Leslie loved it, and had a pride in it all; it was not, truly and only, humiliation and disgust at self-comparison with the Haddens, but some other and unexplained doubt which moved her now, and which was stirred often by this, or any other of the objects and circumstances of her life, and which kept her standing there with her hand upon the bureau-knob, in a sort of absence, while Cousin Delight looked in, approved, and presently dropped quietly among the rest, like a bit of money into a contribution-box, the delicate breadths of linen cambric she had just finished hemstitching and rolled together.

"Oh, thank you! But, Cousin Delight," said Leslie, shutting the drawer, and turning short round, suddenly, "I wish you'd just tell me-what you think-is the sense of that-about the fig-tree! I suppose it's awfully wicked, but I never could see. Is everything fig-leaves that isn't out and out fruit, and is it all to be cursed, and why should there be anything but leaves when 'the time of figs was not yet'?" After her first hesitation, she spoke quickly, impetuously, and without pause, as something that would come out.

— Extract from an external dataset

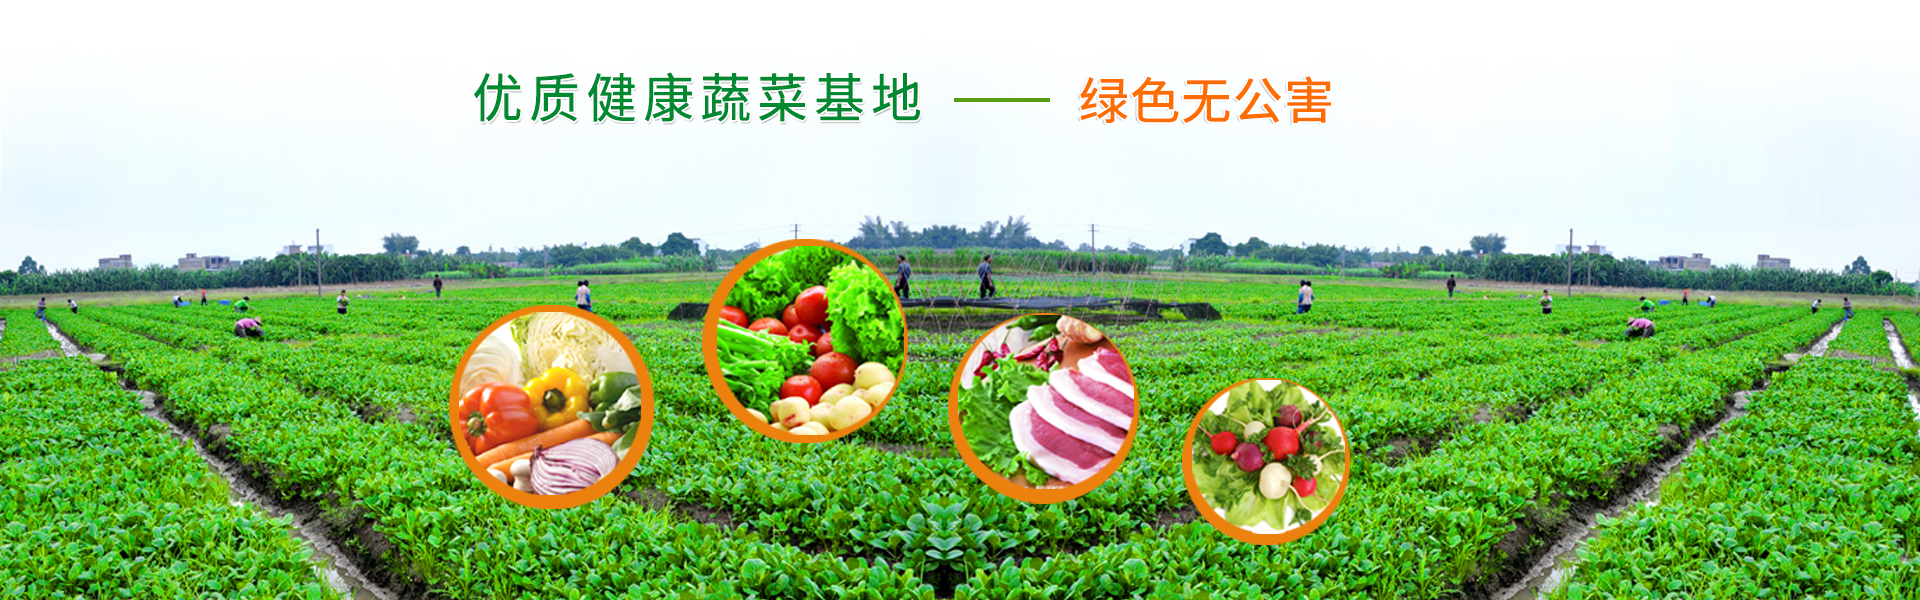 深圳农产品配送——优质健康的蔬菜基地——绿色无公害

"I suppose that has troubled you, as I dare say it has troubled a great many other people," said Cousin Delight. "It used to be a puzzle and a trouble to me. But now it seems to me one of the most beautiful things of all." She paused.

"I cannot see how," said Leslie emphatically. "It always seems to me so-somehow-unreasonable; and-angry."

She said this in a lower tone, as afraid of the uttered audacity of her own thought; and she walked off, as she spoke, towards the window once more, and stood with her back to Miss Goldthwaite, almost as if she wished to have done, again, with the topic. It was not easy for Leslie to speak out upon such things; it almost made her feel cross when she had done it.

"People mistake the true cause and effect, I think," said Delight Goldthwaite, "and so lose all the wonderful enforcement of that acted parable. It was not, 'Cursed be the fig-tree because I have found nothing thereon;' but, 'Let no fruit grow on thee, henceforward, forever.' It seems to me I can hear the tone of tender solemnity in which Jesus would say such words; knowing, as only he knew, all that they meant, and what should come, inevitably, of such a sentence. 'And presently the fig-tree withered away.' The life was nothing, any longer, from the moment when it might not be, what all life is, a reaching forward to the perfecting of some fruit. There was nothing to come, ever again, of all its greenness and beauty, and the greenness and beauty, which were only a form and a promise, ceased to be. It was the way he took to show his disciples, in a manner they should never forget, the inexorable condition upon which all life is given, and that the barren life, so soon as its barrenness is absolutely hopeless, becomes a literal death."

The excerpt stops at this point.